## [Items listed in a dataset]
------
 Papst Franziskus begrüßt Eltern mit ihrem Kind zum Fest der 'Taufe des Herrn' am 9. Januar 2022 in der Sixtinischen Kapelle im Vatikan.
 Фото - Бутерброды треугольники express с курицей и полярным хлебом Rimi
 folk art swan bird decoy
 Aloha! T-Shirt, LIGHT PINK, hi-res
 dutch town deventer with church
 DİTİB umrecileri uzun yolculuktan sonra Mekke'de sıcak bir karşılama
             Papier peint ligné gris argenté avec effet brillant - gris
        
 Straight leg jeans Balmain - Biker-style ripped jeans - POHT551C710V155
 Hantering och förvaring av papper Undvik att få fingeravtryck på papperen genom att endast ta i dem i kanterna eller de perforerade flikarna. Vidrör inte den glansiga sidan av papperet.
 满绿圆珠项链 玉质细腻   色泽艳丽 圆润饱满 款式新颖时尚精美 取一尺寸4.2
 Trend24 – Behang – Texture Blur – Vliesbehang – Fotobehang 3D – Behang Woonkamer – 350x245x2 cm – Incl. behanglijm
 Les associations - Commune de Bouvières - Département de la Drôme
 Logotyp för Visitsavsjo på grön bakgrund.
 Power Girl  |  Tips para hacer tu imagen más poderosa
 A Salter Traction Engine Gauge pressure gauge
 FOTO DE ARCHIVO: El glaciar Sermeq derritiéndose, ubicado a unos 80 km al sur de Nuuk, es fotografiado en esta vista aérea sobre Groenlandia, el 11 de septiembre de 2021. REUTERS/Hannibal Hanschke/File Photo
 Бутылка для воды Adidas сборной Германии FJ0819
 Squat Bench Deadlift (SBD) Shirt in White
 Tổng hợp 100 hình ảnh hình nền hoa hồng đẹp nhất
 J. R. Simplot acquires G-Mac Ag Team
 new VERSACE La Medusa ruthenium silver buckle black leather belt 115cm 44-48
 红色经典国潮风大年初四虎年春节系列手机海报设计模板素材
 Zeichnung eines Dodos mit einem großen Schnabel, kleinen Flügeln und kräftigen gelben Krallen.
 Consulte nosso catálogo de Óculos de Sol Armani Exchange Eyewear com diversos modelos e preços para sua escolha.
------
## [Brief]
Write out again, exactly, the line containing "DİTİB umrecileri uzun" and every later line of the records. Omit the rest.

## [Task result]
 DİTİB umrecileri uzun yolculuktan sonra Mekke'de sıcak bir karşılama
             Papier peint ligné gris argenté avec effet brillant - gris
        
 Straight leg jeans Balmain - Biker-style ripped jeans - POHT551C710V155
 Hantering och förvaring av papper Undvik att få fingeravtryck på papperen genom att endast ta i dem i kanterna eller de perforerade flikarna. Vidrör inte den glansiga sidan av papperet.
 满绿圆珠项链 玉质细腻   色泽艳丽 圆润饱满 款式新颖时尚精美 取一尺寸4.2
 Trend24 – Behang – Texture Blur – Vliesbehang – Fotobehang 3D – Behang Woonkamer – 350x245x2 cm – Incl. behanglijm
 Les associations - Commune de Bouvières - Département de la Drôme
 Logotyp för Visitsavsjo på grön bakgrund.
 Power Girl  |  Tips para hacer tu imagen más poderosa
 A Salter Traction Engine Gauge pressure gauge
 FOTO DE ARCHIVO: El glaciar Sermeq derritiéndose, ubicado a unos 80 km al sur de Nuuk, es fotografiado en esta vista aérea sobre Groenlandia, el 11 de septiembre de 2021. REUTERS/Hannibal Hanschke/File Photo
 Бутылка для воды Adidas сборной Германии FJ0819
 Squat Bench Deadlift (SBD) Shirt in White
 Tổng hợp 100 hình ảnh hình nền hoa hồng đẹp nhất
 J. R. Simplot acquires G-Mac Ag Team
 new VERSACE La Medusa ruthenium silver buckle black leather belt 115cm 44-48
 红色经典国潮风大年初四虎年春节系列手机海报设计模板素材
 Zeichnung eines Dodos mit einem großen Schnabel, kleinen Flügeln und kräftigen gelben Krallen.
 Consulte nosso catálogo de Óculos de Sol Armani Exchange Eyewear com diversos modelos e preços para sua escolha.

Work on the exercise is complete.